▶ **Goal of the exercise**
Set the pictures aside and write down, exactly as they appear, the lines from the one containing "RESIDENTIAL PV SOLUTION" through the end of the material.

*** Opening Exercise data ***

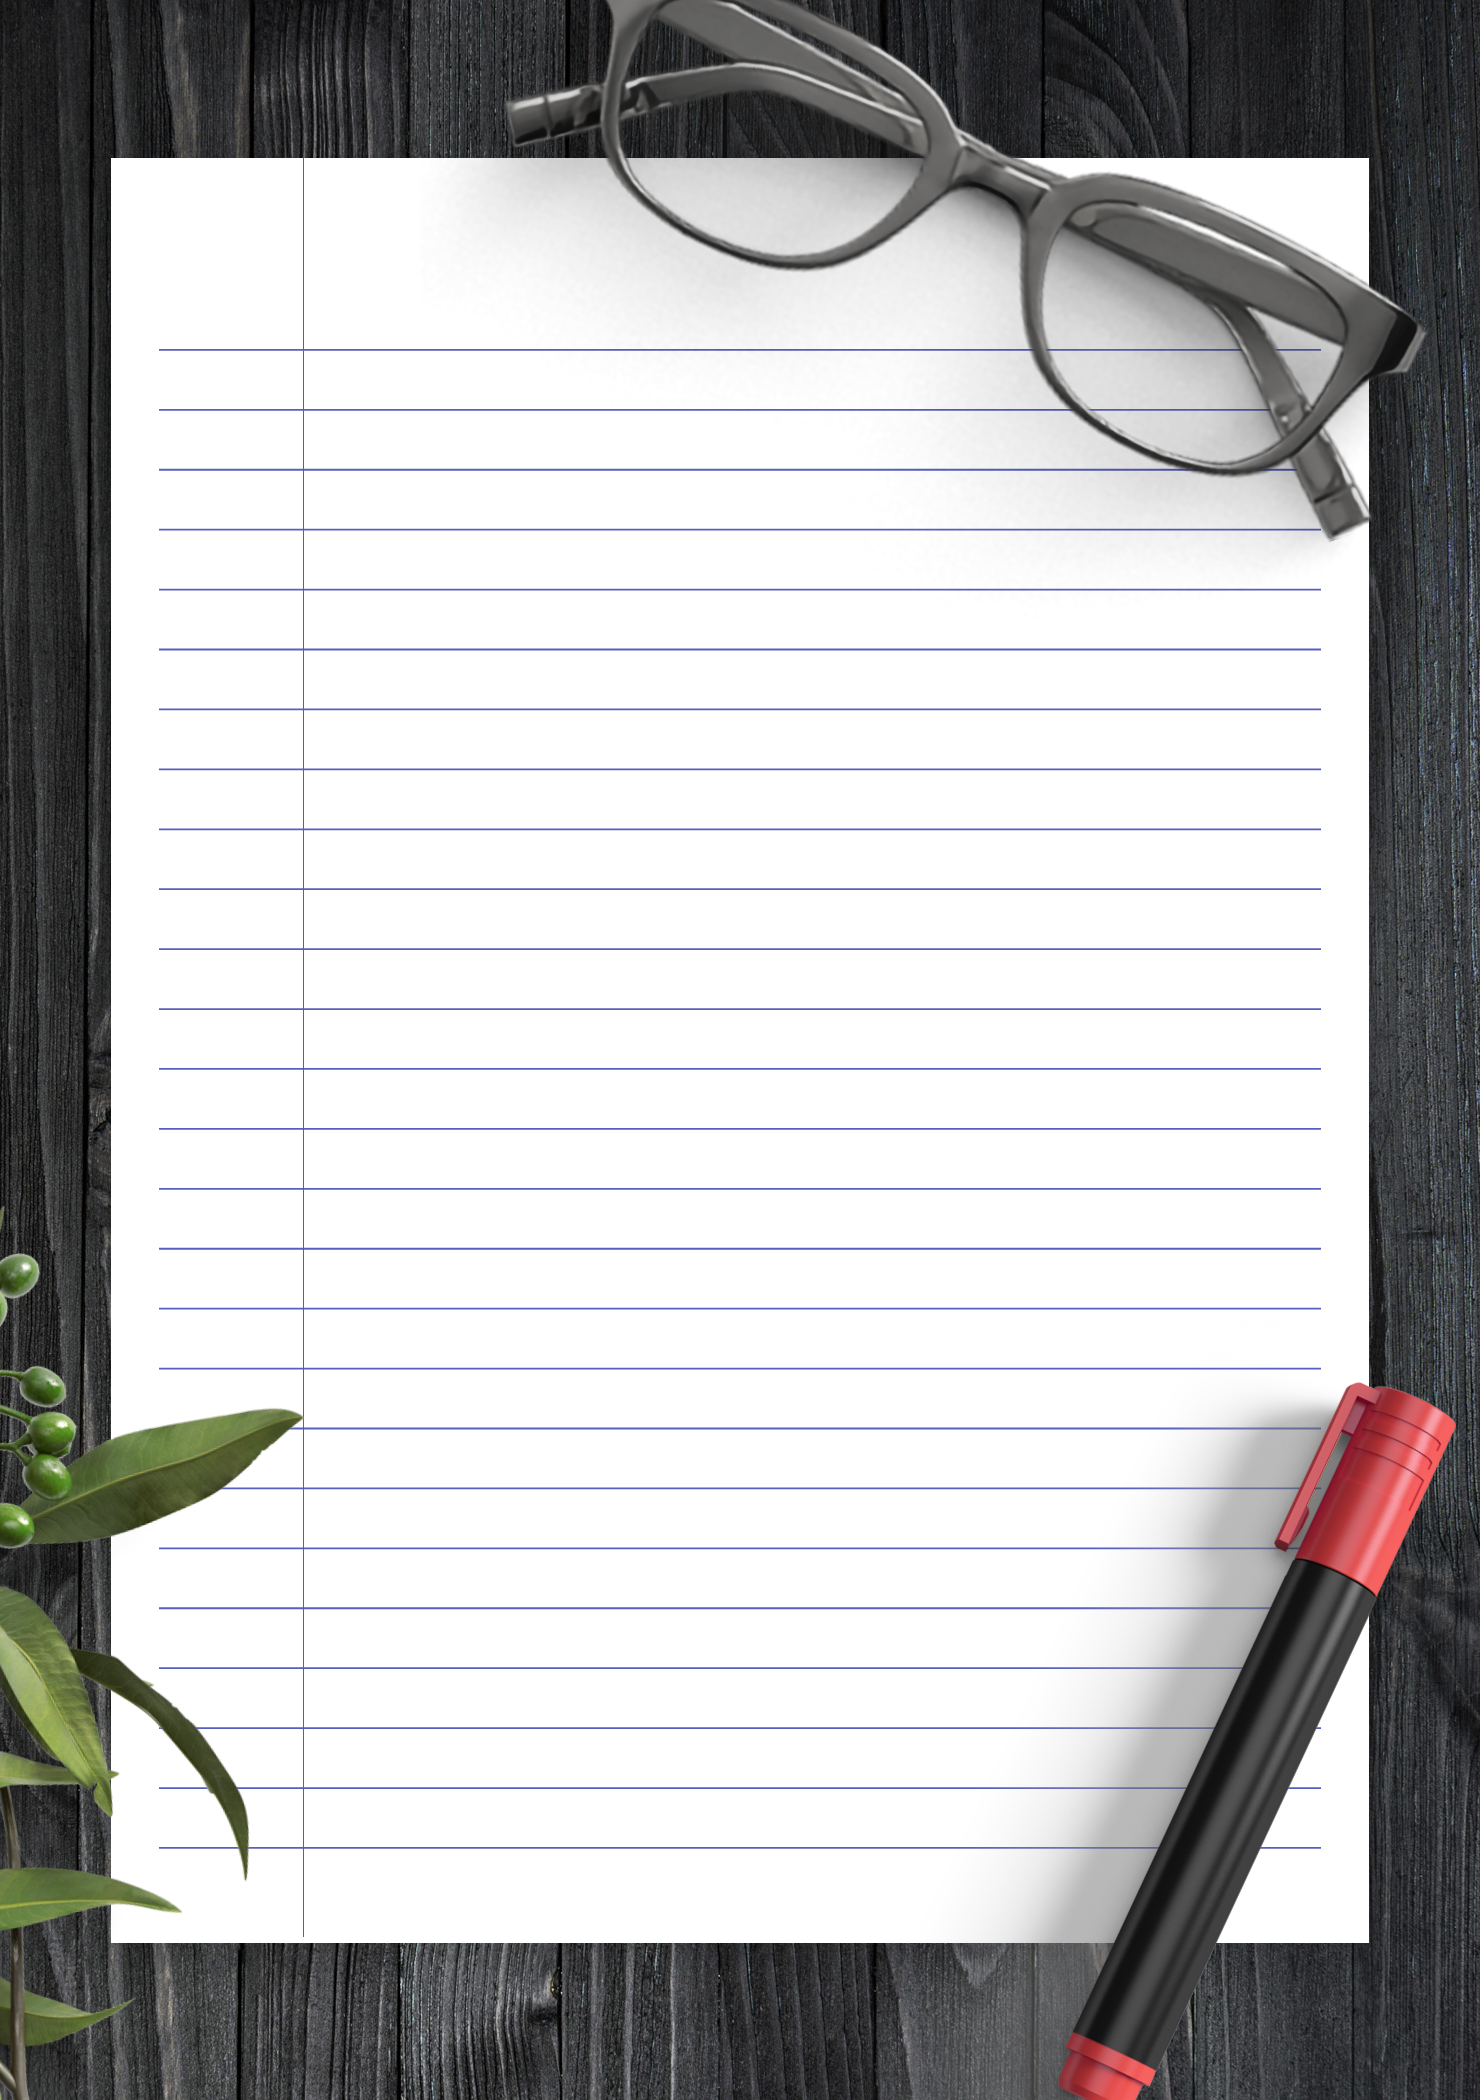 Ruled Paper Word Template
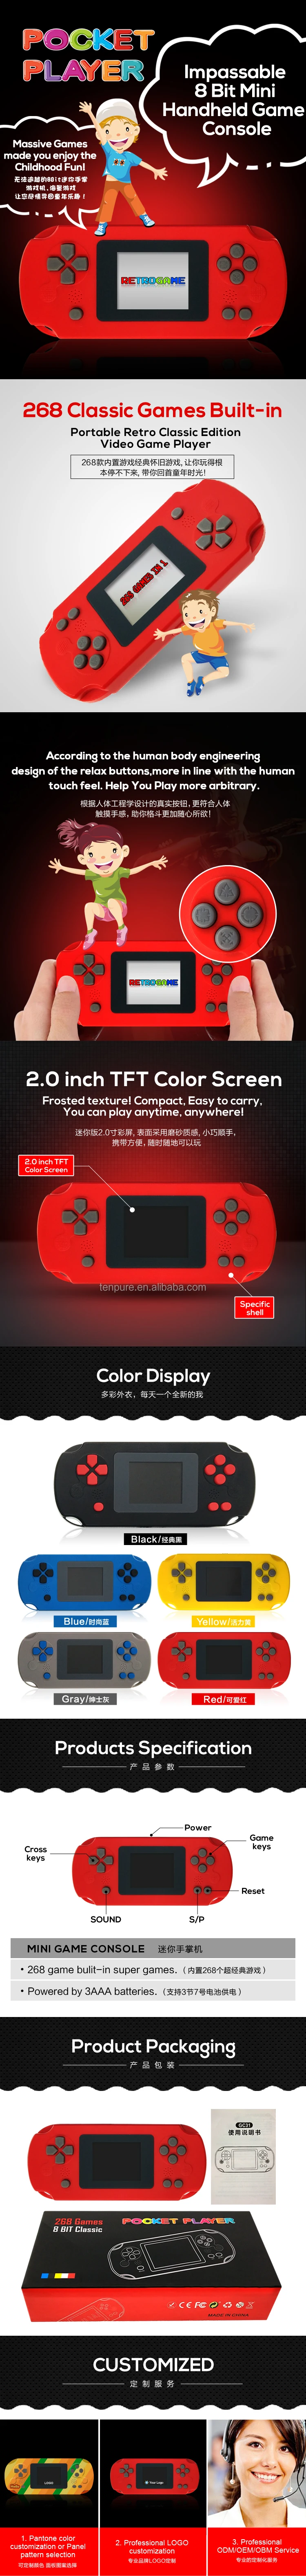 Portable Classic 8 bit Handheld Game Console 268 in 1 Retro Games Player For Christmas Gift Mini Game Consoles Retro Consola Pad
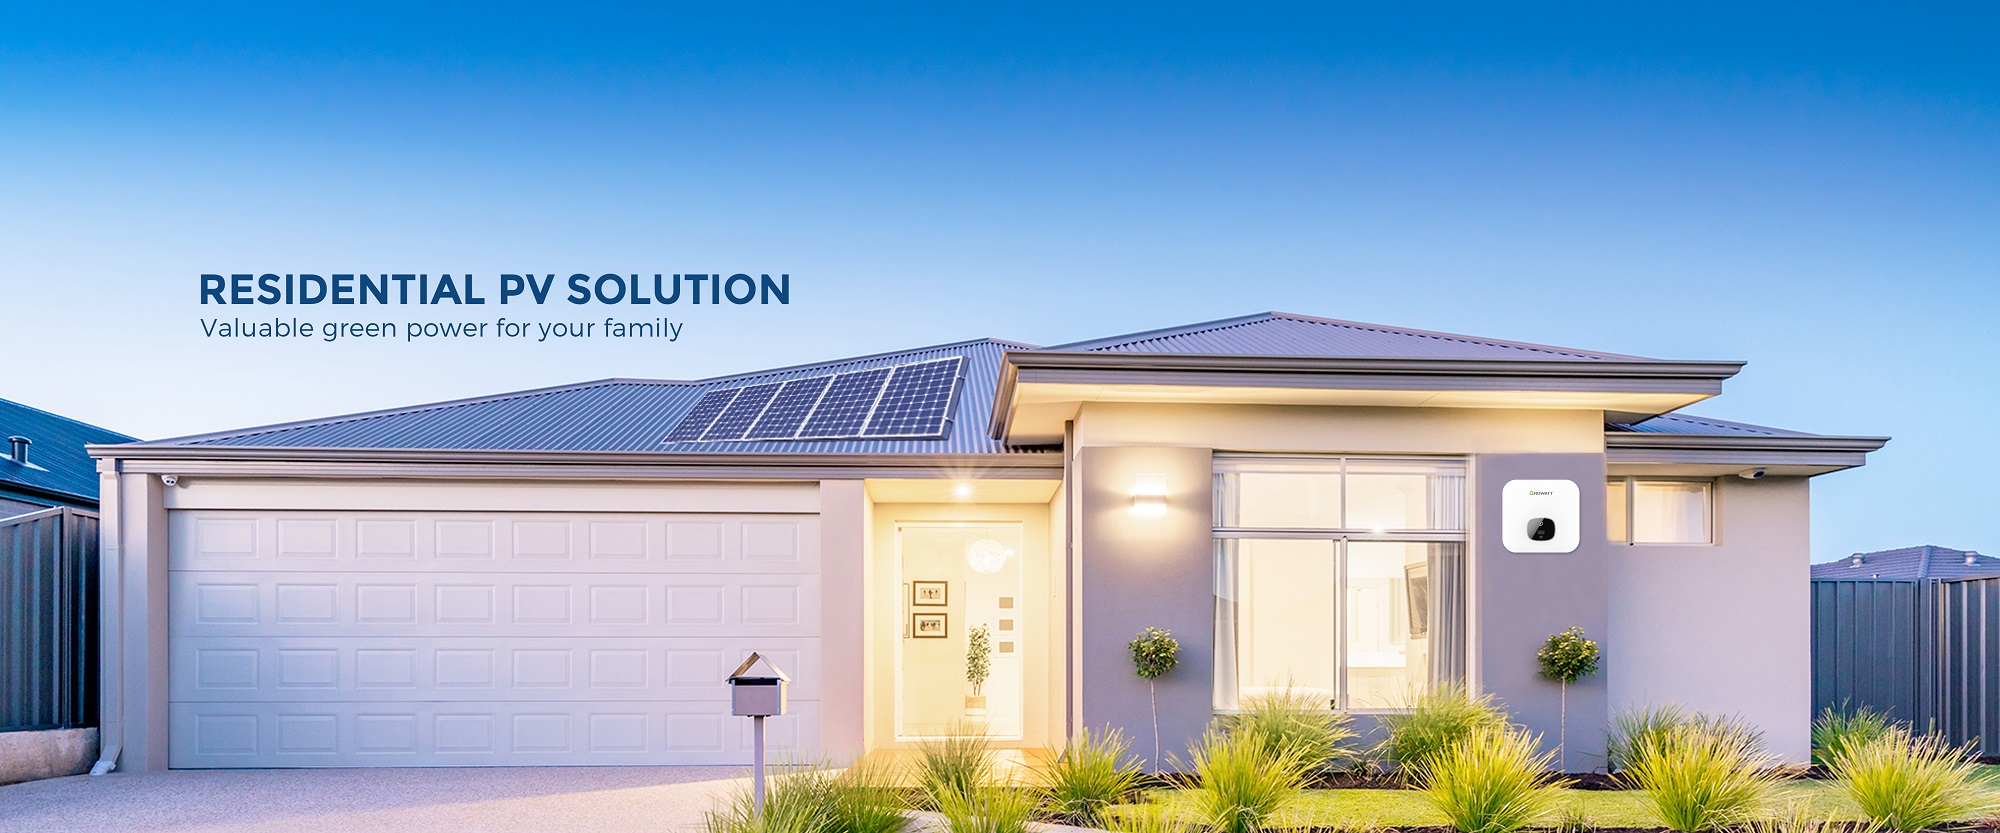 RESIDENTIAL PV SOLUTION
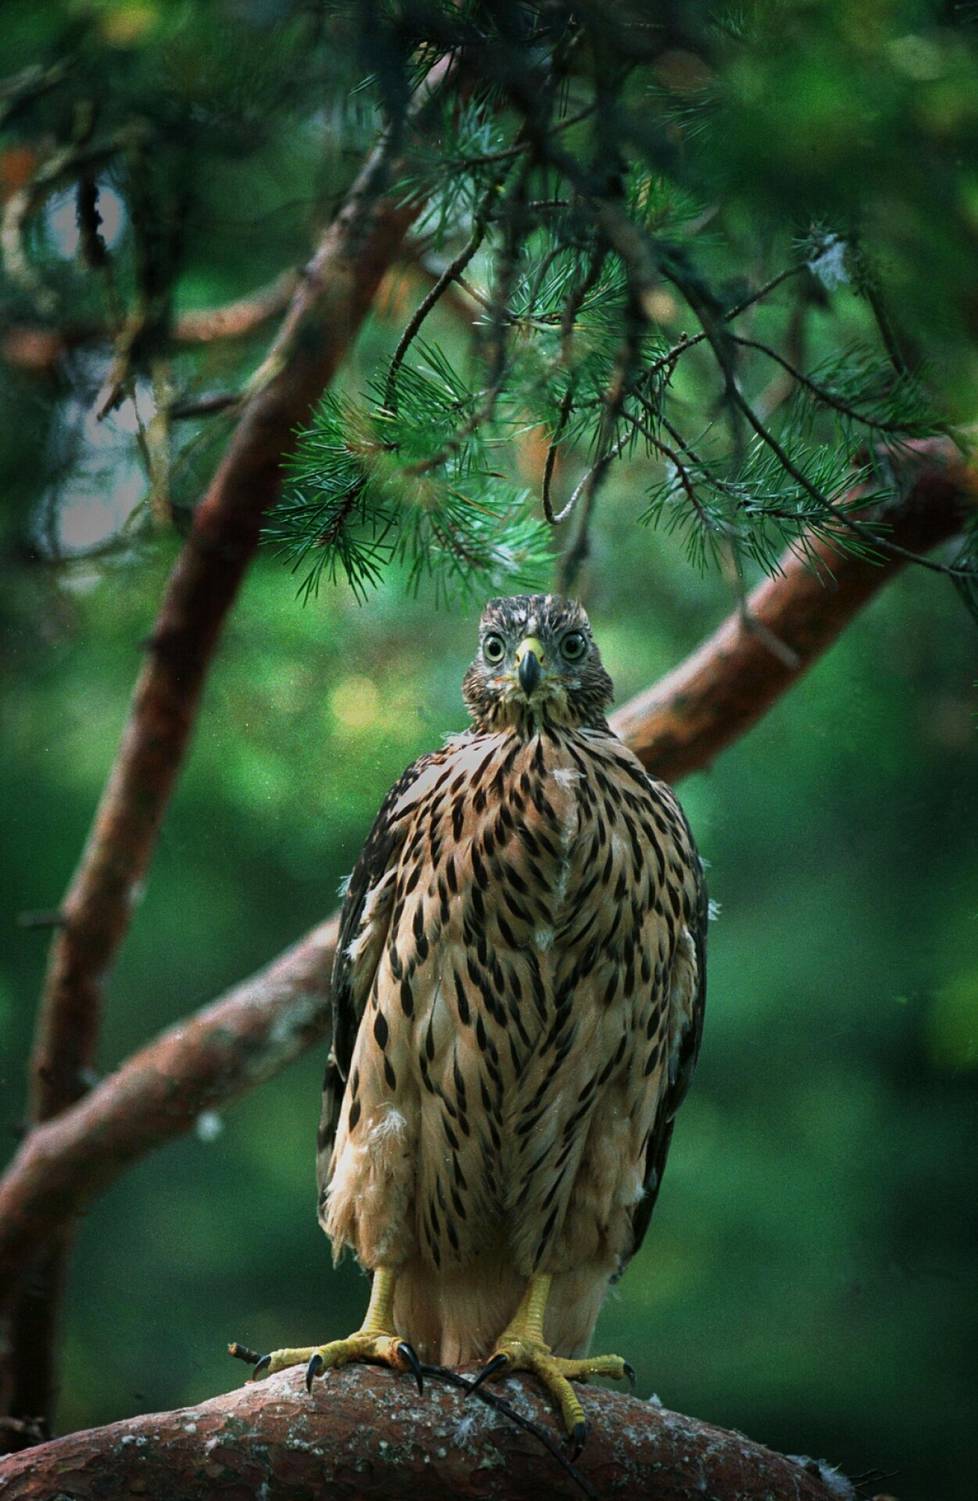 On the threshold of independence.  A five-week-old baby hen hawk stood on a branch next to the nest during midsummer week in Helsinki.

*** Closing Exercise data ***

▶ **Answer area**
 RESIDENTIAL PV SOLUTION
 On the threshold of independence.  A five-week-old baby hen hawk stood on a branch next to the nest during midsummer week in Helsinki.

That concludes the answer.